Yes Bank shares: The share price of Yes Bank rose as much as 5% today during morning trade after the private lender announced on Saturday that the Reserve Bank of India (RBI) has given its nod to the stated acquisition by Japan-based Sumitomo Mitsui Banking Corporation (SMBC). In May, Yes Bank had disclosed that SMBC has agreed to buy up to 24.99% stake in the Indian bank. SMBC's acquisition would mainly transpire through a secondary stake purchase of 13.19% from State Bank of India (SBI), while the remainder 6.81% would be acquired from other seven shareholders.
By intraday, Yes Bank shares had pared some of its gains, with the scrip trading at a modest 1.4% with the share price touching ₹19.55 apiece.
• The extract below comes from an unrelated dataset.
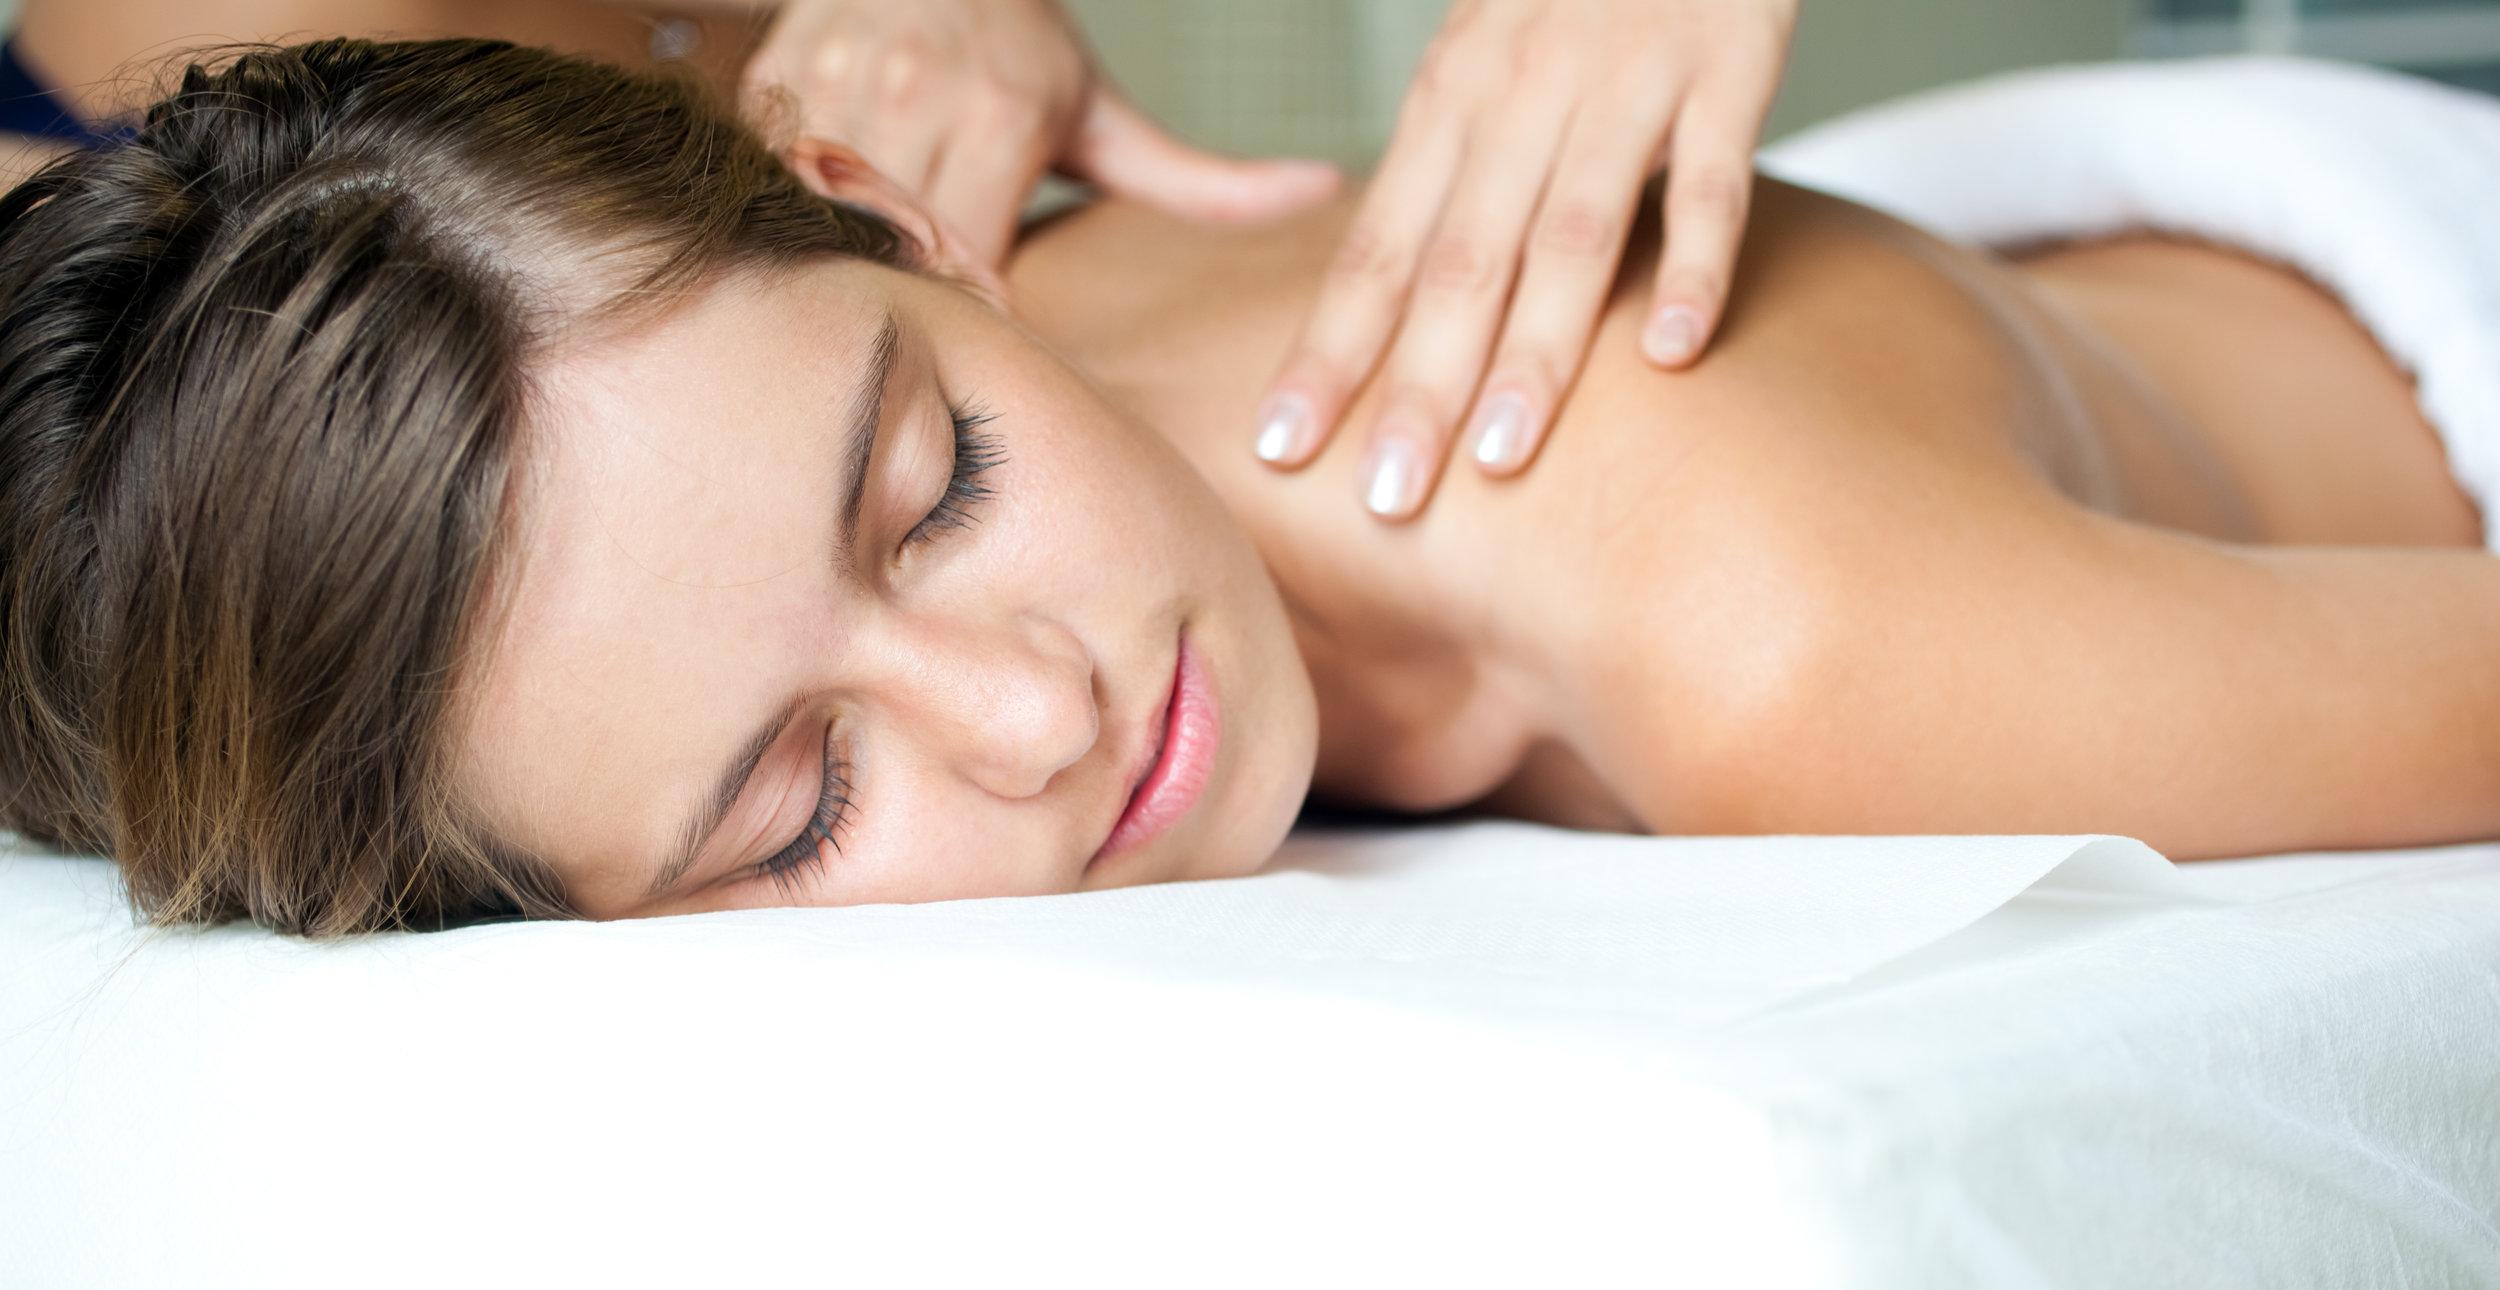 Feel_Good_Therapy_Massage.jpg
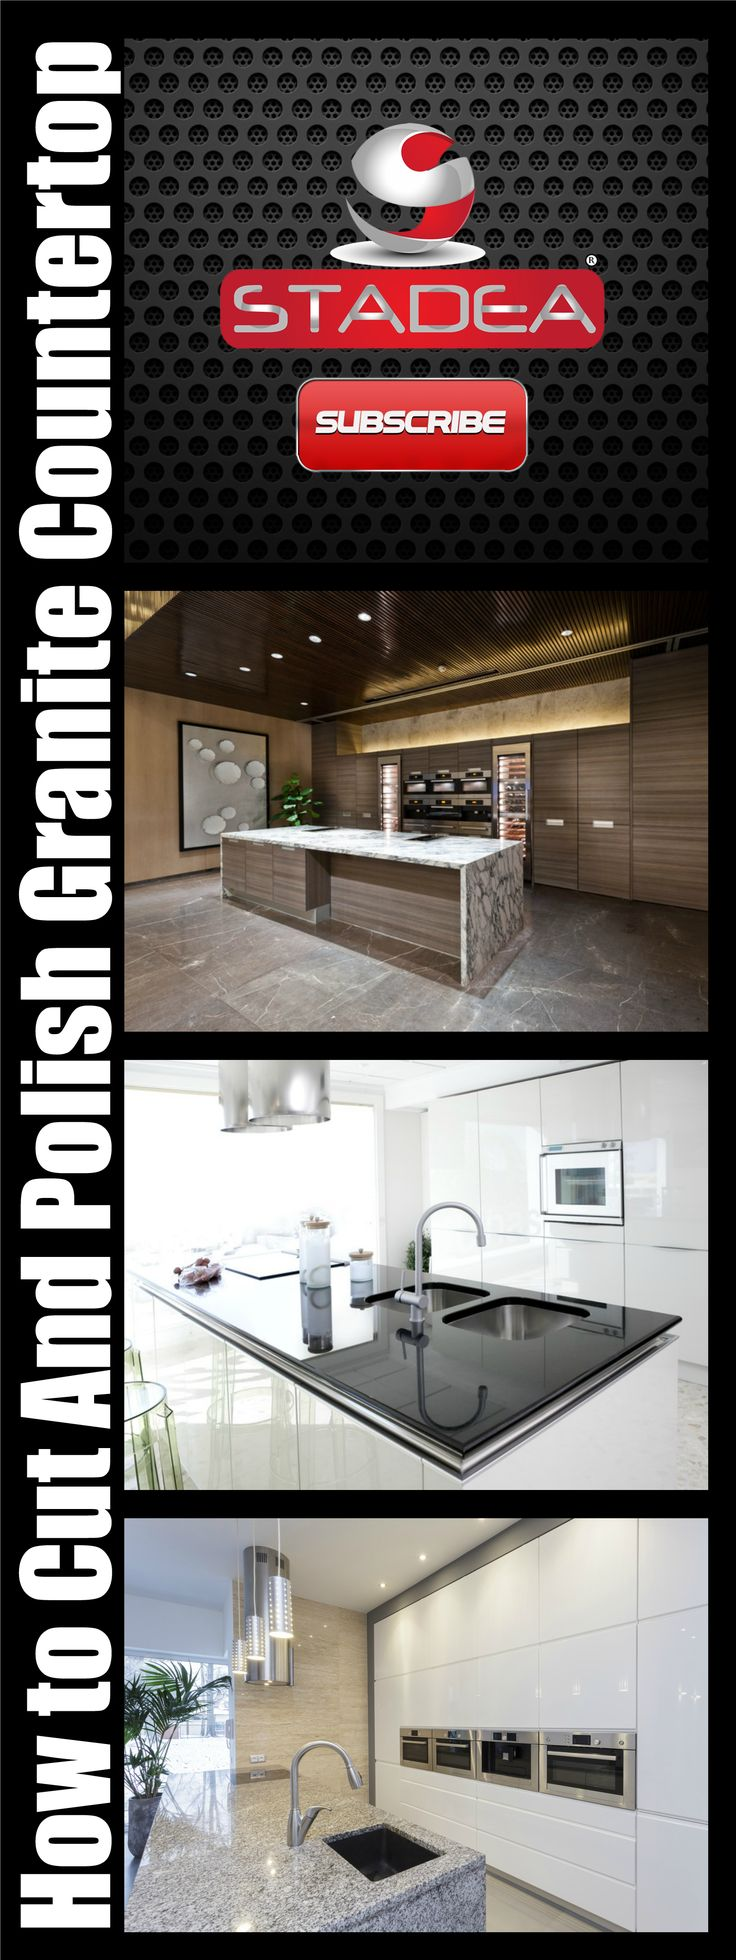 http://www.shopnsavemart.com demonstrates How to Cut And Polish Granite Countertop DIY. Step to step DIY video demonstrates cutting of granite slab using saw blades, polishing the edges using stadea dry diamond polishing pads.

"We are pleased to inform that SMBC has received the approval of the Reserve Bank of India to acquire up to 24.99% of the paid-up share capital/ voting rights of the Bank vide letter dated August 22, 2025. This approval is valid for one year from the date of this letter. RBI has further clarified that pursuant to the said acquisition, SMBC would not be treated as a promoter of the Bank," Yes Bank had said in its statement on August 23.
During the Q1 FY26 earnings call, Yes bank's MD and CEO, Prashant Kumar had said in June that the proposed acquisition by SMBC will likely conclude by September.
“SMBC has already made applications to both the RBI and the Competition Commission of India,” Kumar confirmed during the Q1 FY26 earnings call. “We are hopeful that the deal will be able to conclude, say, in the month of September,” Kumar had said.
For its Q1 FY26 earnings, the private lender had reported a seventh consecutive quarter of profit expansion, with Yes Bank's net profit rising by 59.4% quarter-on-quarter. During the same earnings call, Kumar acknowledged that while the quarter was Yes bank's best yet, since its restructure, the growth had come not because of top-line expansion, but instead due to better management of expenses.